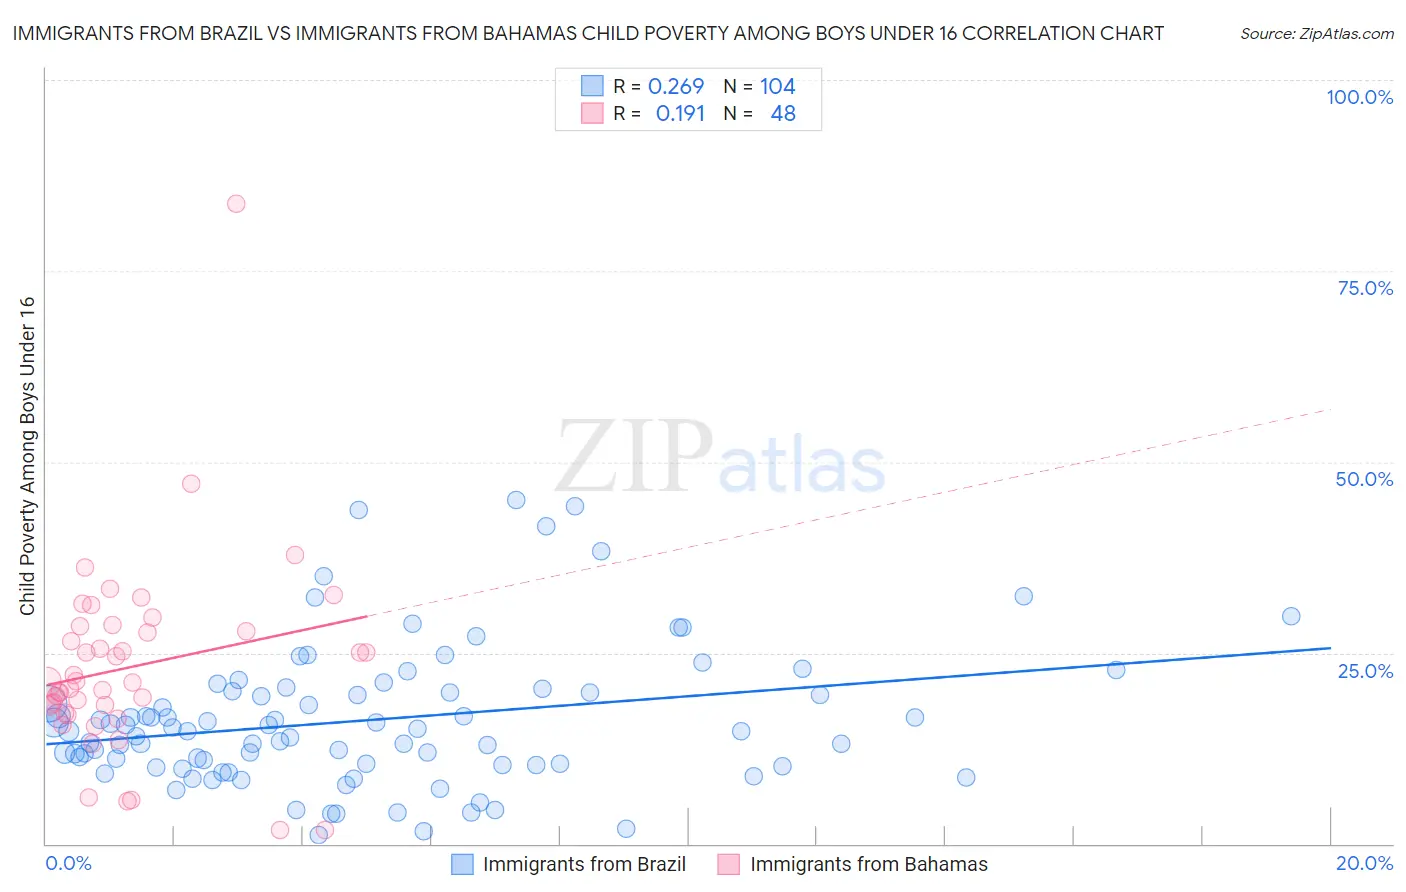 Immigrants from Brazil vs Immigrants from Bahamas Child Poverty Among Boys Under 16
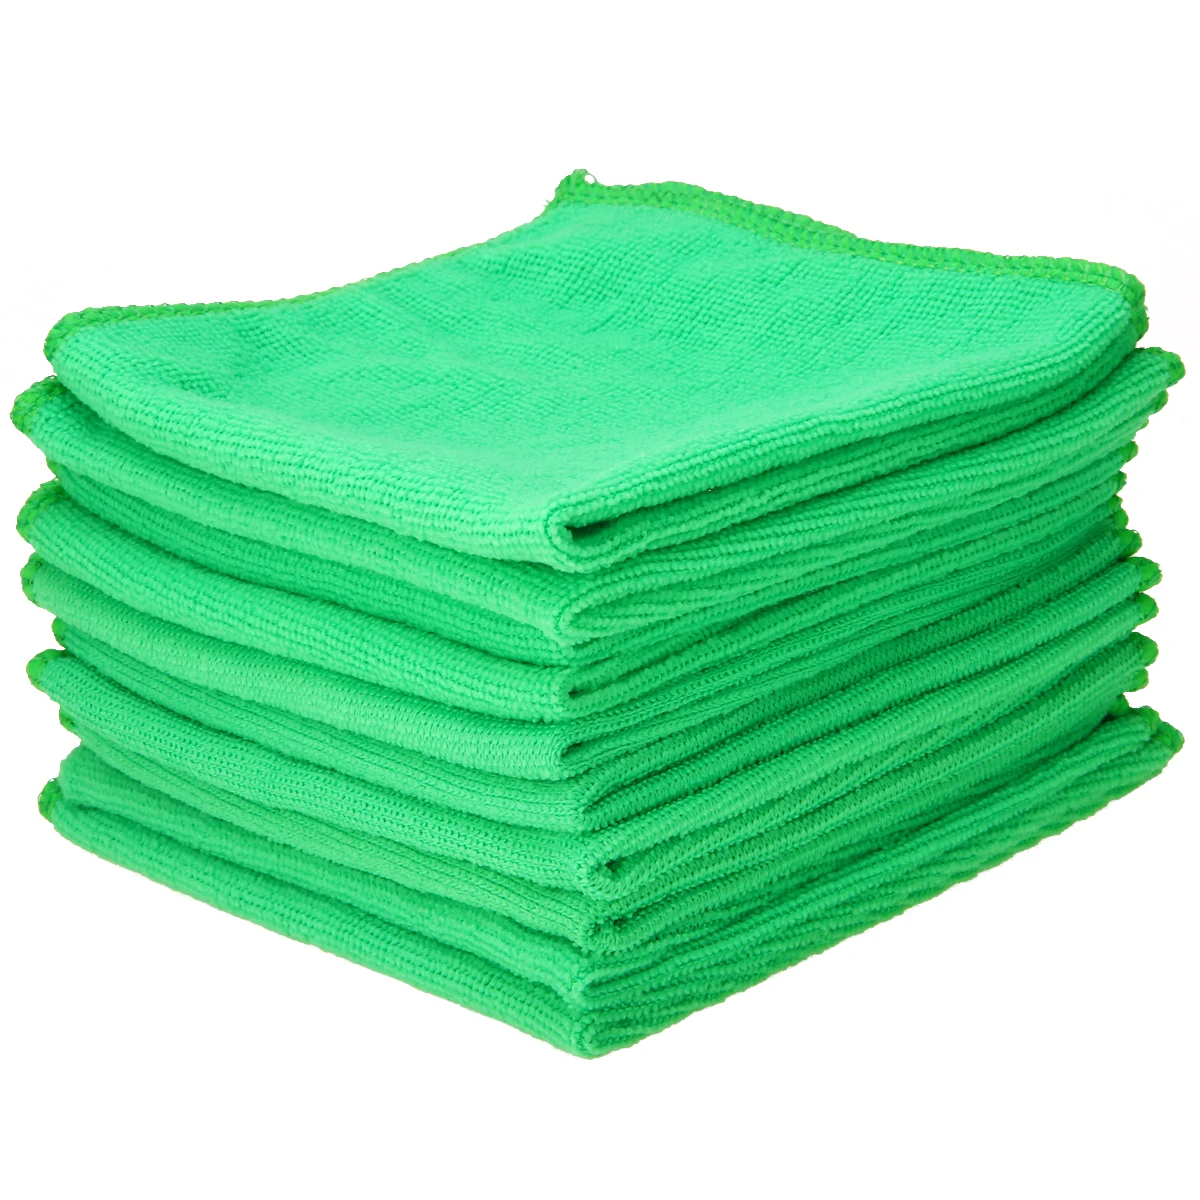 Green Microfiber Cleaning Auto Car Detailing Soft Clothes Towel-Duster Wash N2B9 
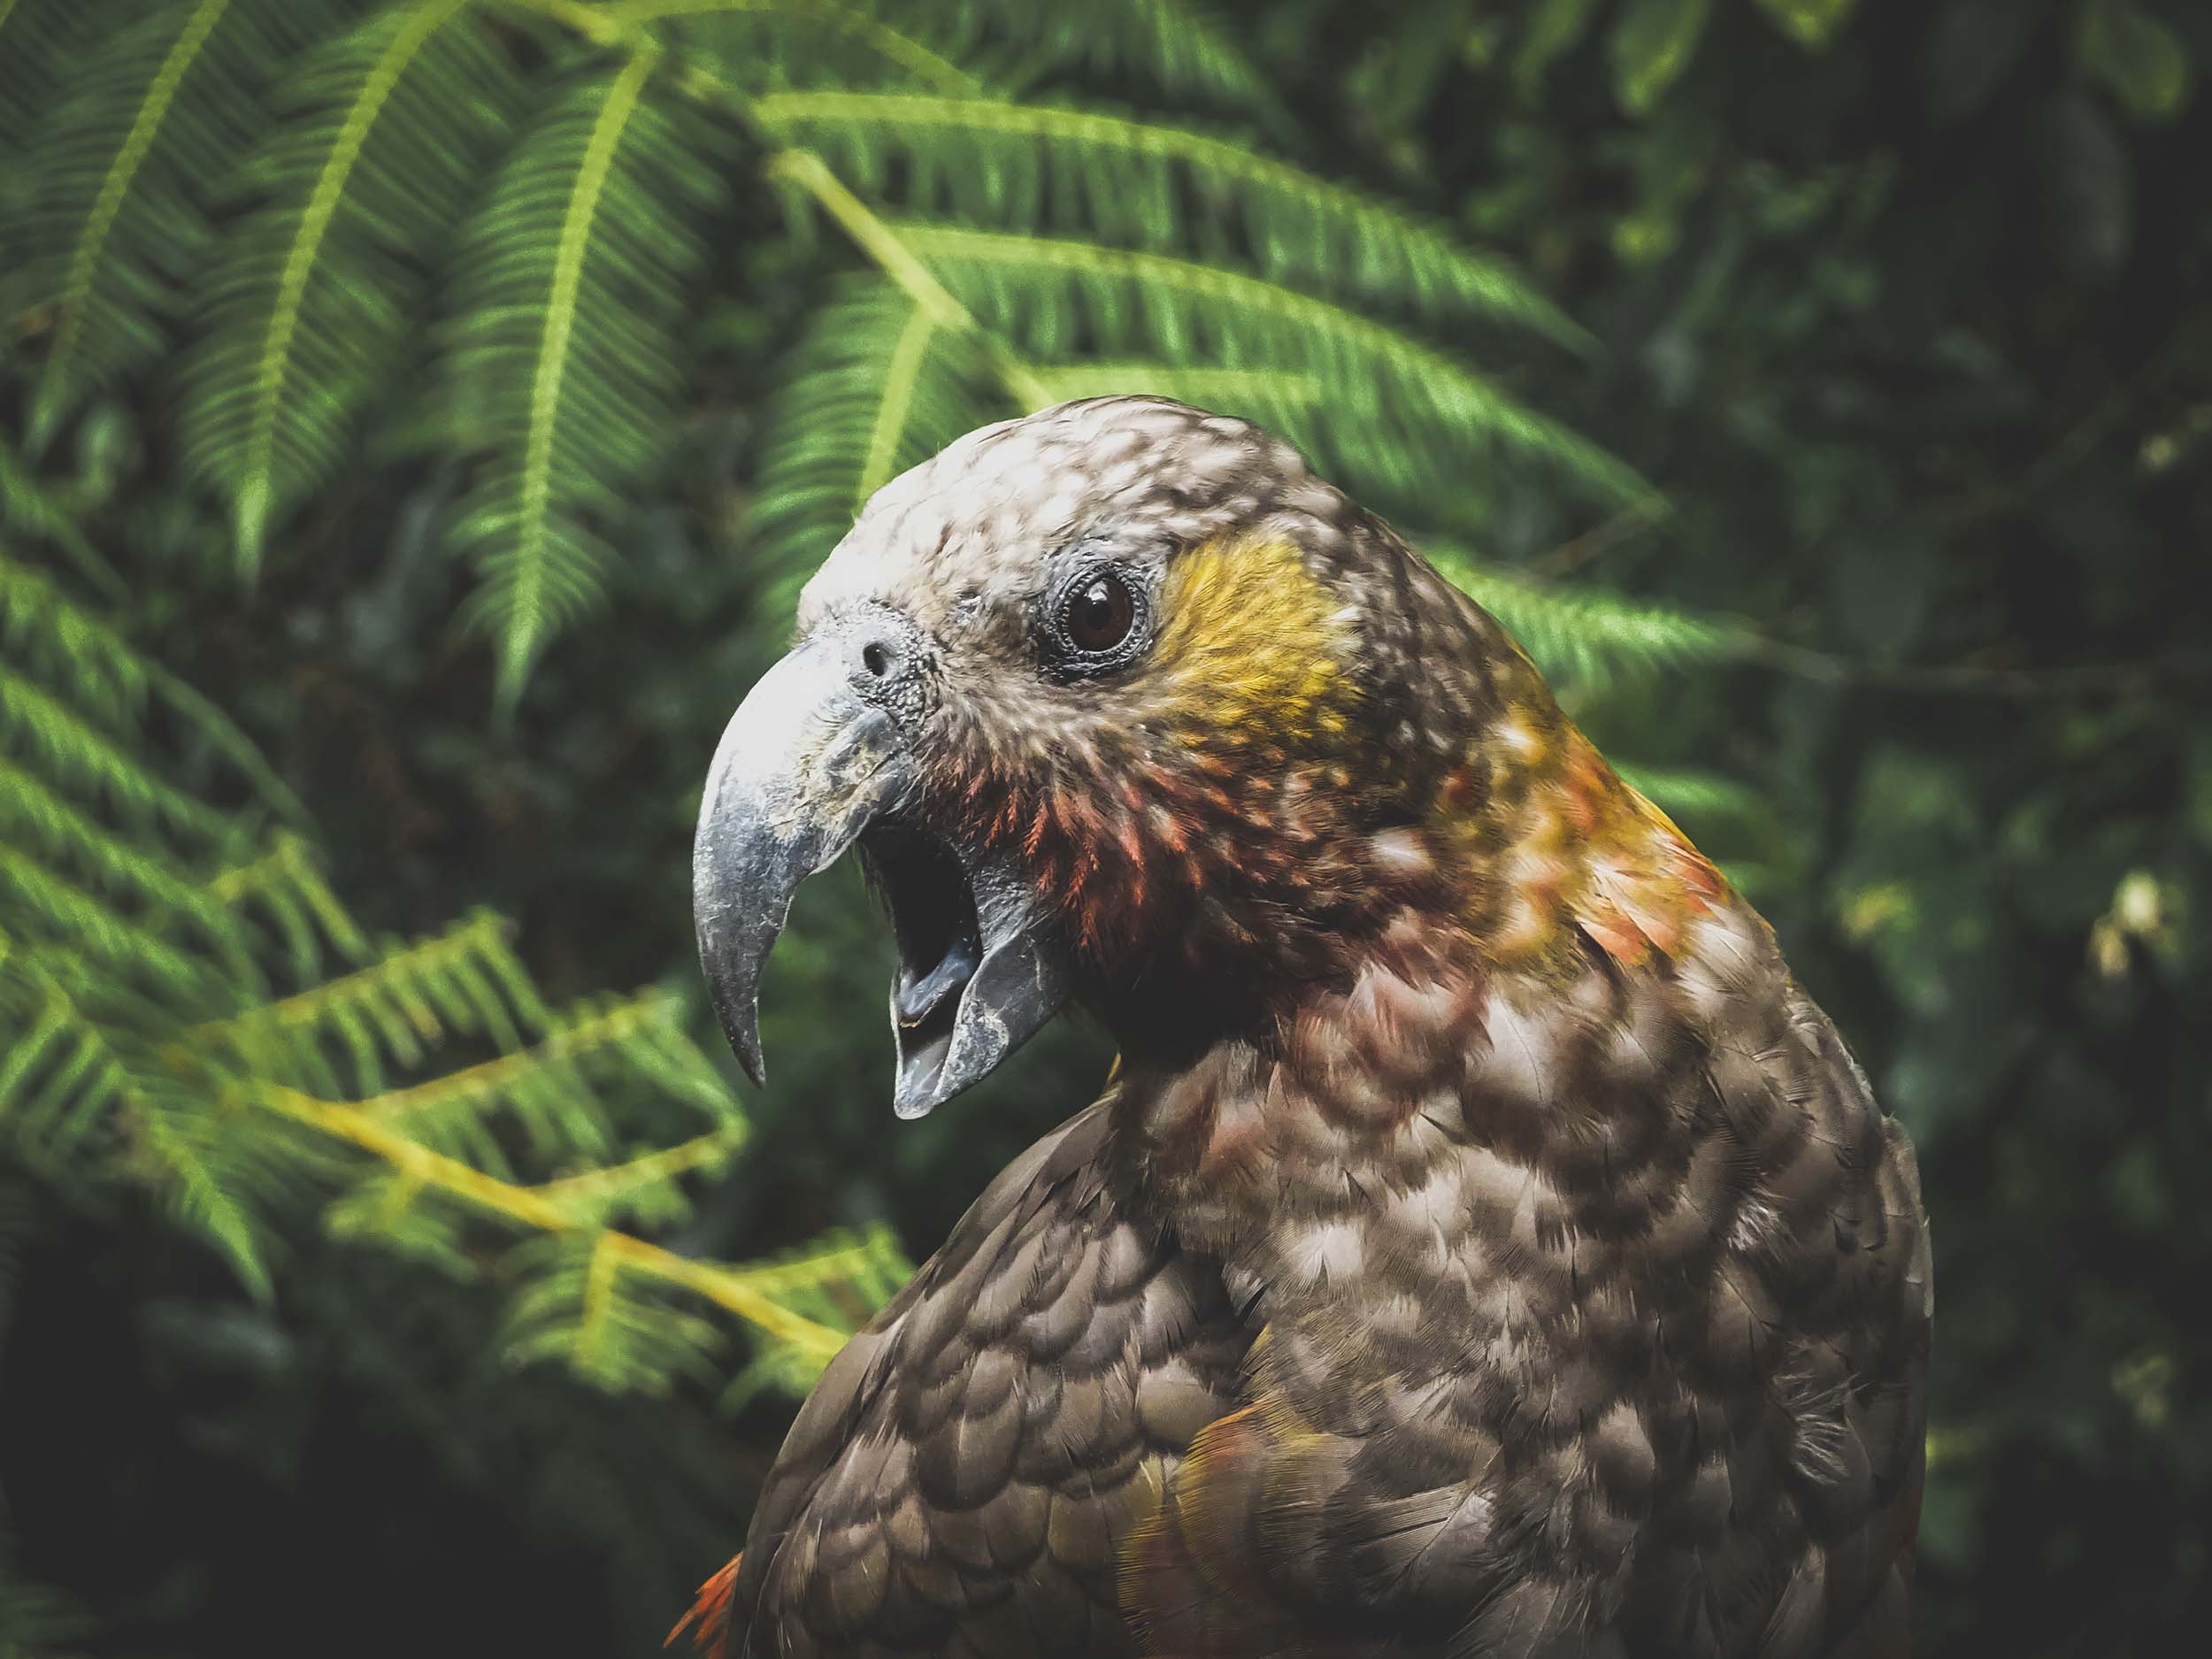 A kea with its beak open, and ferns in the background
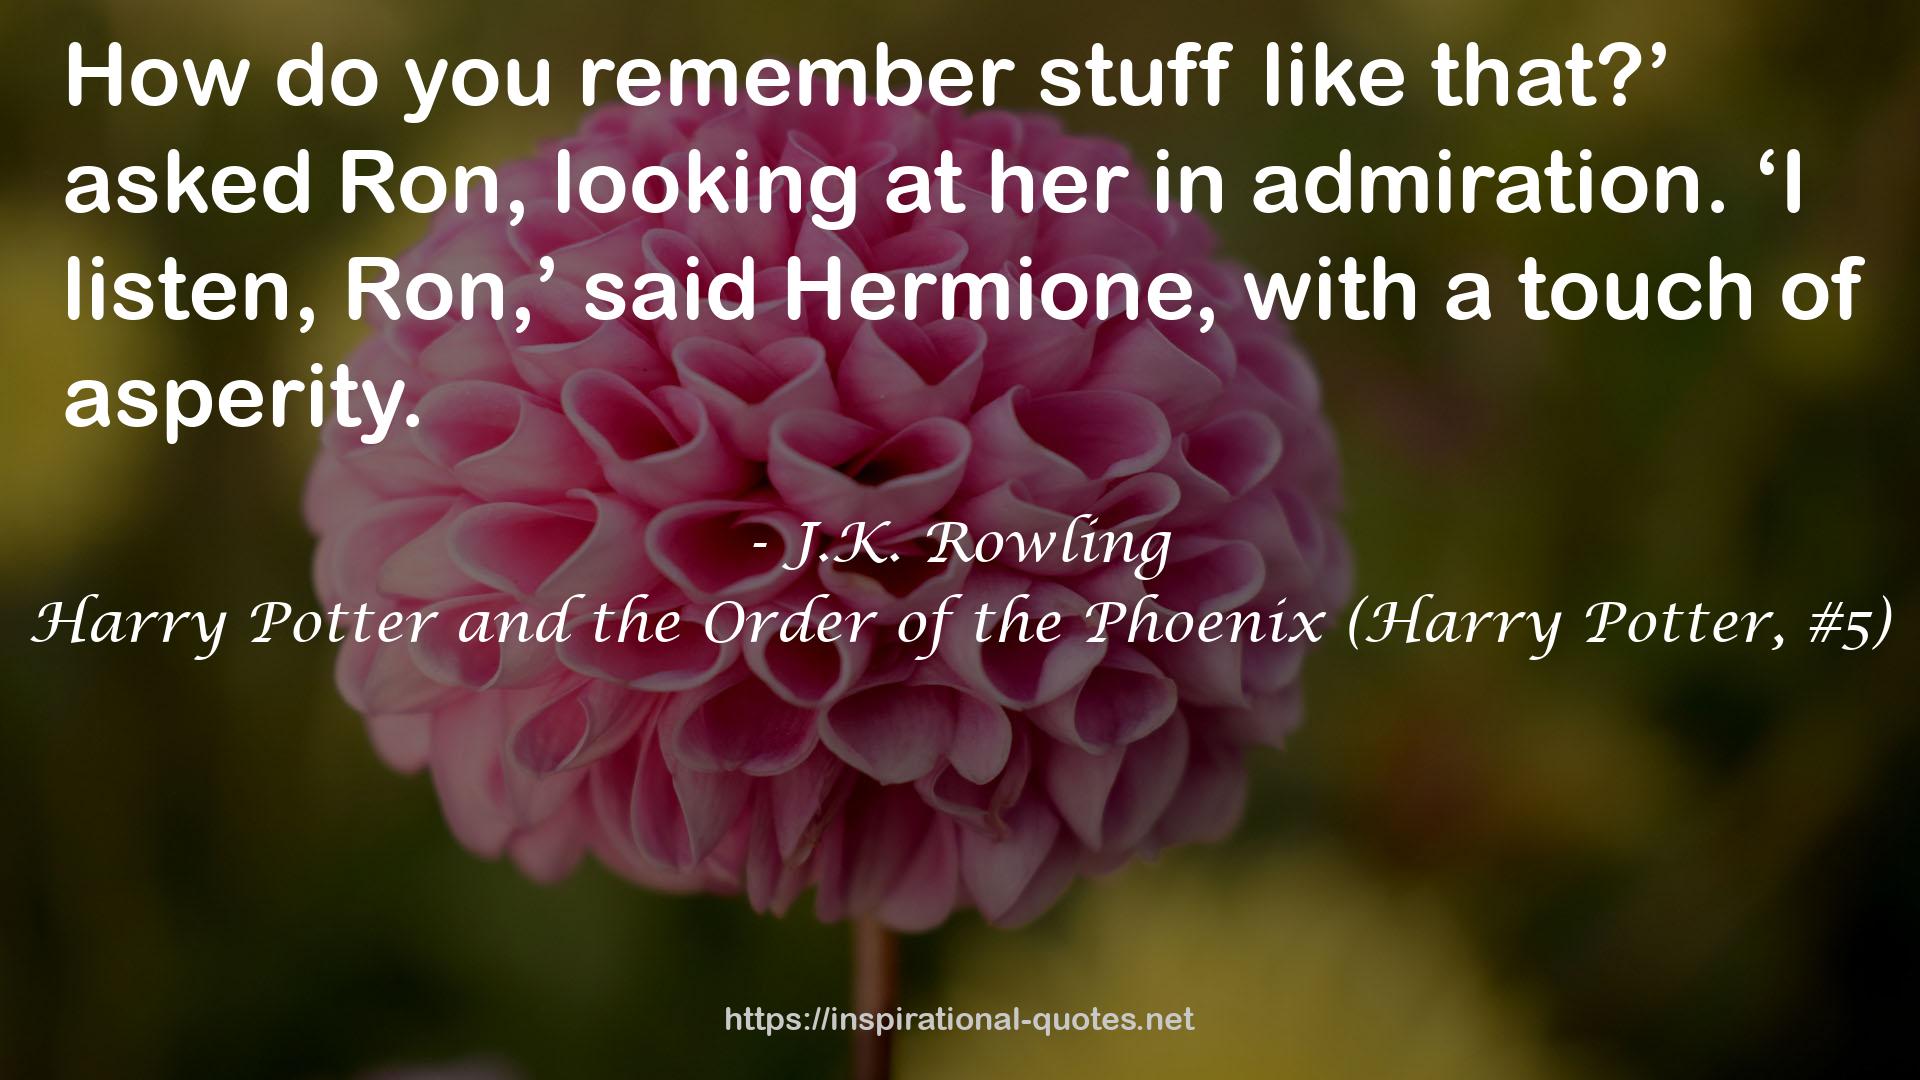 Harry Potter and the Order of the Phoenix (Harry Potter, #5) QUOTES

☆ ☆ ☆ ☆ ☆ ☆ ☆

--- What the task asks ---
Exclude the pictures, and transcribe all of the material exactly.

--- Written solution ---
 Immigrants from Brazil vs Immigrants from Bahamas Child Poverty Among Boys Under 16
 Green Microfiber Cleaning Auto Car Detailing Soft Clothes Towel-Duster Wash N2B9 
 A kea with its beak open, and ferns in the background
 Harry Potter and the Order of the Phoenix (Harry Potter, #5) QUOTES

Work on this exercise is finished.